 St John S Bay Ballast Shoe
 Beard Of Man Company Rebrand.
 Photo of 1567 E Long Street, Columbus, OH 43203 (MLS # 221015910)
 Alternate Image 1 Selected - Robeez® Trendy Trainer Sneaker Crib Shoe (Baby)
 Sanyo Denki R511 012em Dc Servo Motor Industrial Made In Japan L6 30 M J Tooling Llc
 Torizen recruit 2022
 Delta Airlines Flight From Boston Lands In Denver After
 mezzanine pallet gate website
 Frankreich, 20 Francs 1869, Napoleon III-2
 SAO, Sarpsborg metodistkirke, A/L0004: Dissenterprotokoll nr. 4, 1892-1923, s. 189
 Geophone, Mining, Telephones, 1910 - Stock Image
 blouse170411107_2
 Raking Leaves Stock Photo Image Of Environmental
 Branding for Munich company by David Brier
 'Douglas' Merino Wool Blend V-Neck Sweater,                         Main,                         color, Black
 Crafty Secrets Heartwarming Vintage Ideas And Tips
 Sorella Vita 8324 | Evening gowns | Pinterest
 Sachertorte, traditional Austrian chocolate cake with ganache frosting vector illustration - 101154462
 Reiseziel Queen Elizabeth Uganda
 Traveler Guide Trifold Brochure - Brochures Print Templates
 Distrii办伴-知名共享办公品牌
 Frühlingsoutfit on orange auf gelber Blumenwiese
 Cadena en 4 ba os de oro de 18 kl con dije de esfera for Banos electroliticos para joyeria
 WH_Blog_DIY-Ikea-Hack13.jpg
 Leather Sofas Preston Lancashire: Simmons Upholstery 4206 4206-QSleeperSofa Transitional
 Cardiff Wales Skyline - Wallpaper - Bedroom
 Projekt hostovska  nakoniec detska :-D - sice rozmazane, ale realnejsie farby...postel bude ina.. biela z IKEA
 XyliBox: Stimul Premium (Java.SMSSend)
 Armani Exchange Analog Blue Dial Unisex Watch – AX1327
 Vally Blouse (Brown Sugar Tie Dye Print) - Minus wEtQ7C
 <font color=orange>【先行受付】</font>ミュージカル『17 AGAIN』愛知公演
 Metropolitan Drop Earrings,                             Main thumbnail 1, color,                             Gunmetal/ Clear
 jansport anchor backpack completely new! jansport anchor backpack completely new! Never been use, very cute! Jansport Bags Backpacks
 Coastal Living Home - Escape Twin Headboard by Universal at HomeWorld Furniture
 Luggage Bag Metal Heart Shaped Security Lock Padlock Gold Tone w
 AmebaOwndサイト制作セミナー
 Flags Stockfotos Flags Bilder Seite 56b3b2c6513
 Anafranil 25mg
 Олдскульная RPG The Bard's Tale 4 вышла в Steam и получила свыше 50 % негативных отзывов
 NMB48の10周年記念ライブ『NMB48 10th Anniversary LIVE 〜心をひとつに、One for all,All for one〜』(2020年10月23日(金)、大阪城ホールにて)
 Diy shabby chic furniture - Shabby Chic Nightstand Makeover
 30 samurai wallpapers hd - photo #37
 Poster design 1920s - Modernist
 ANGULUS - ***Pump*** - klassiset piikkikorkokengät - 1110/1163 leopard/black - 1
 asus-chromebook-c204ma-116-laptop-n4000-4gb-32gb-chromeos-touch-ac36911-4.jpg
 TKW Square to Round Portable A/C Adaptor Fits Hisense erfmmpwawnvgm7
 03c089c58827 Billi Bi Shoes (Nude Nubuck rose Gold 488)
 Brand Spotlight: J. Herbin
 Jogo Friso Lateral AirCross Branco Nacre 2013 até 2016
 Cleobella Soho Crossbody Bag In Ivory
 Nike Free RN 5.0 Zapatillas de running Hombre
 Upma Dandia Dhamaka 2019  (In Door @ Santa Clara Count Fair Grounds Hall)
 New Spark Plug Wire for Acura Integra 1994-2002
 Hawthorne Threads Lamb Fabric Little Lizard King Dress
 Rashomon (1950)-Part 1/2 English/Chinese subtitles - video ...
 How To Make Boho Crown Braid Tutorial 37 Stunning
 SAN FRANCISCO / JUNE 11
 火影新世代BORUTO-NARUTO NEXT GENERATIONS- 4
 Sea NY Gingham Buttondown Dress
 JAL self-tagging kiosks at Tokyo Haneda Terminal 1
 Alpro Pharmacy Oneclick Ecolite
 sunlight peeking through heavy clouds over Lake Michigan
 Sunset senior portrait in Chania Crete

::::::::

### About this exercise
Please output exactly the lines between the one holding "ANGULUS - ***Pump***" and the one holding "Hawthorne Threads Lamb" in the records above, inclusive, and nothing more.

### Solution for this task
 ANGULUS - ***Pump*** - klassiset piikkikorkokengät - 1110/1163 leopard/black - 1
 asus-chromebook-c204ma-116-laptop-n4000-4gb-32gb-chromeos-touch-ac36911-4.jpg
 TKW Square to Round Portable A/C Adaptor Fits Hisense erfmmpwawnvgm7
 03c089c58827 Billi Bi Shoes (Nude Nubuck rose Gold 488)
 Brand Spotlight: J. Herbin
 Jogo Friso Lateral AirCross Branco Nacre 2013 até 2016
 Cleobella Soho Crossbody Bag In Ivory
 Nike Free RN 5.0 Zapatillas de running Hombre
 Upma Dandia Dhamaka 2019  (In Door @ Santa Clara Count Fair Grounds Hall)
 New Spark Plug Wire for Acura Integra 1994-2002
 Hawthorne Threads Lamb Fabric Little Lizard King Dress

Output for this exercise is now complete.